FISCAL FITNESS


 

NO WAY TO SPELL RELIEF

by Ron Ross



If there were an award for gross mislabeling, last year's winner would be the Taxpayer Relief Act of 1997. This mess of pointless complexity and confusion is clearly not the way you spell relief.

The law added 848 pages to the tax code. It rewards, among many other things, home ownership, having children, sending those children to college and holding investments for 18 months or more. Just being manipulated into certain selected behaviors would be bad enough in itself. The affront is compounded by the detailed stipulations that have to be fulfilled to gain the rewards.

The Taxpayer Relief Act is micromanagement at its worst. Consider, for example, the special estate tax relief for "qualified family-owned business interests."

There is a long list of criteria that must be met in order to qualify. Just three of those rules are as follows: (1) The decedent or a member of his/her family must have owned or materially participated in business for five of eight years before decedent's death. (2) Each qualified heir is required to materially participate for at least five years of any eight-year period within 10 years following the decedent's death. (3) Business's stock may not be publicly traded within three years of decedent's death.
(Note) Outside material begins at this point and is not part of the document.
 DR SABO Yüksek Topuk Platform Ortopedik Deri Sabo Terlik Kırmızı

Just trying to keep track of all the time requirements would be enough to wear you out! And don't be surprised if we see an increase in the number of terminally ill business owners being kept alive on life support.

In an important sense the existence of the income tax and the way it's structured put the citizens of a country on the equivalent of an allowance. How much allowance you get depends on how well you abide by what the lawmakers have anointed as desirable behavior. The writers of the tax rules assume the role of our parents.
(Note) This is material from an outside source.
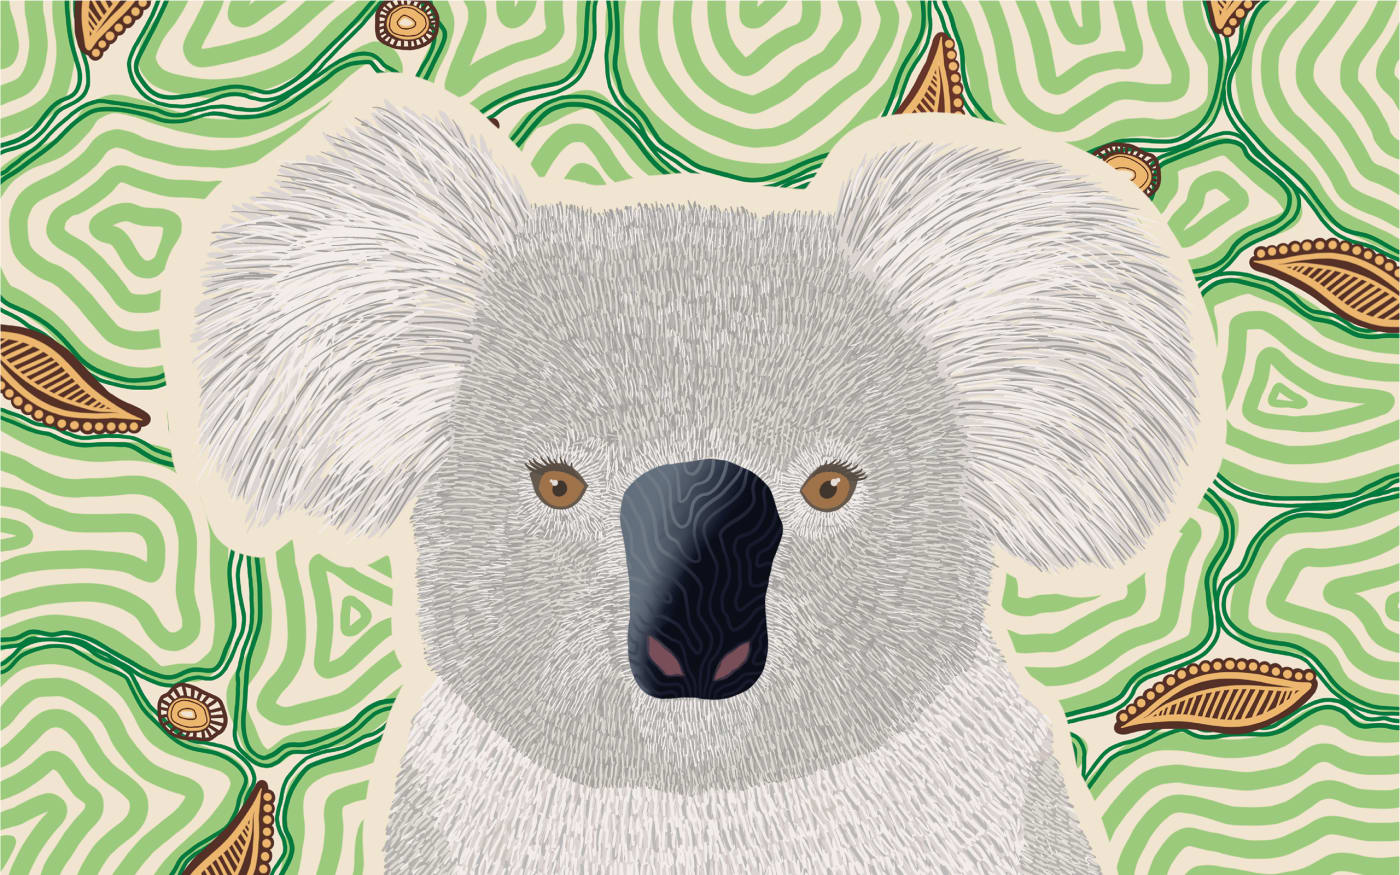 Indigenous koala art from Wiradjuri and Gundungurra Yinaa artist Sarah Levett.

The overwhelming complexity of the Internal Revenue Code is a kind of brain pollution. By far our most important resource is the intellectual capacity of our citizenry. To commandeer that resource for the purpose of coping with tax minutia is a gross waste of resources. Enormous amounts of time and energy are expended on learning and understanding the tax code, keeping records, filling out forms, staying in compliance -- and inventing ways to avoid paying taxes.

According to the IRS's own estimates, Americans this year will spend 3.6 billion hours complying with the rules. We were wise enough to end the military draft. Unfortunately, we have retained and even enlarged what is effectively a draft of peoples' time and intellectual resources in the service of collecting tax revenue.
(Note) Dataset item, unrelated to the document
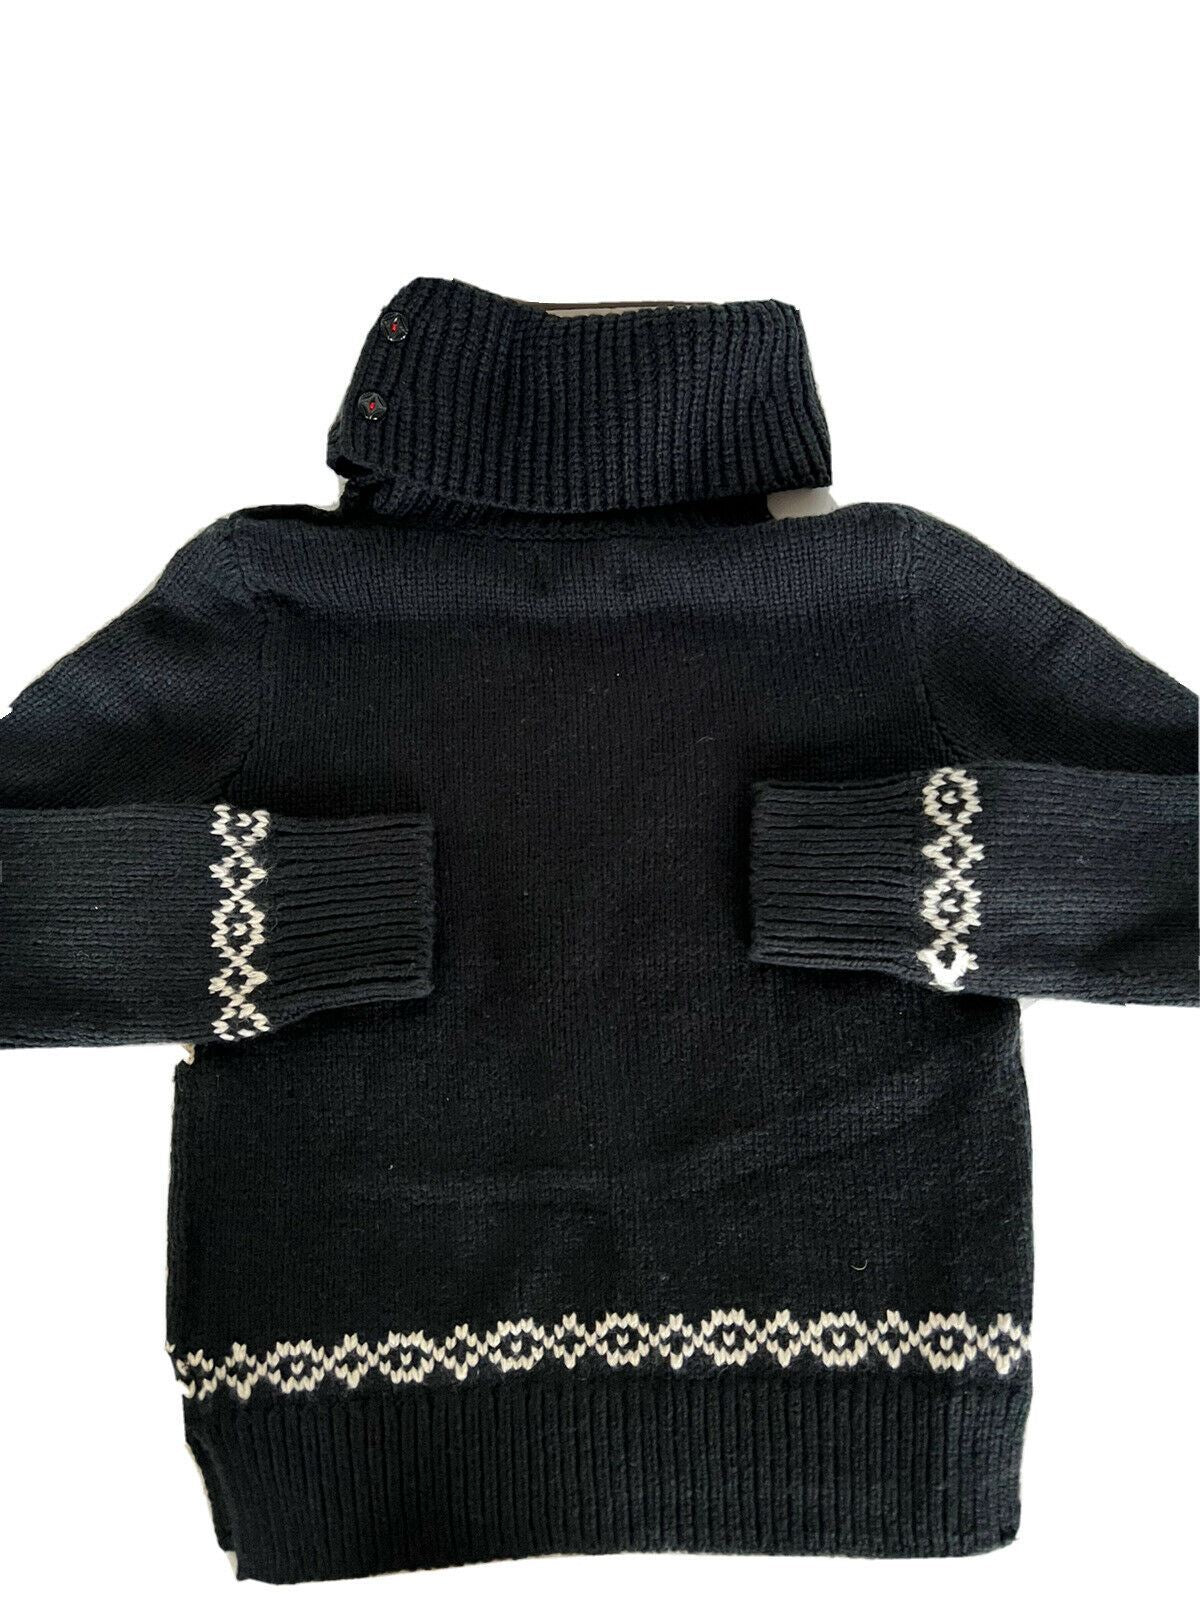 Neu mit Etikett: 145 $ Polo Ralph Lauren Mädchen-Pullover in Schwarz, Snow Soft, Größe S (7)

Virtually all the complexities in the tax code have some kind of a legitimate sounding rationale. Most of the rules, incentives and disincentives have as their ostensible aim the overall improvement of the economy or our society. I cannot remember ever seeing any evidence that any of these manipulations of the economy or of our behavior resulted in a net improvement.

The tax code is based on the assumption that a group of about 550 people sitting in the nation's capital can make rules that will improve the choices of 250 million diverse people across the country. It's downright ludicrous when you think about it.

Furthermore, this and the other numerous tax revisions we've had over the past decades were created over just a few months. None of the people who voted for it could possibly know and understand all the details, and especially not all the implications stemming from the changes. We're all left to cope with the inevitable flaws of a rush job.

Although I'm no fan of the IRS, the blame that has been heaped on it in the recent hearings about its procedures has missed the mark. When someone is given a dirty and impossible job, is it his fault that he screws it up?

If this had been bona fide tax relief, there would have been across the board reductions in tax rates. The Tax Relief Act of 1997 was a big step in the wrong direction. One reason to be optimistic, however, is that maybe it will finally cause enough disgust and frustration that profound tax reform and simplification will become a possibility. n


A former professor of economics, Ron Ross, Ph.D., is an investment advisor for Premier Financial Group, Eureka.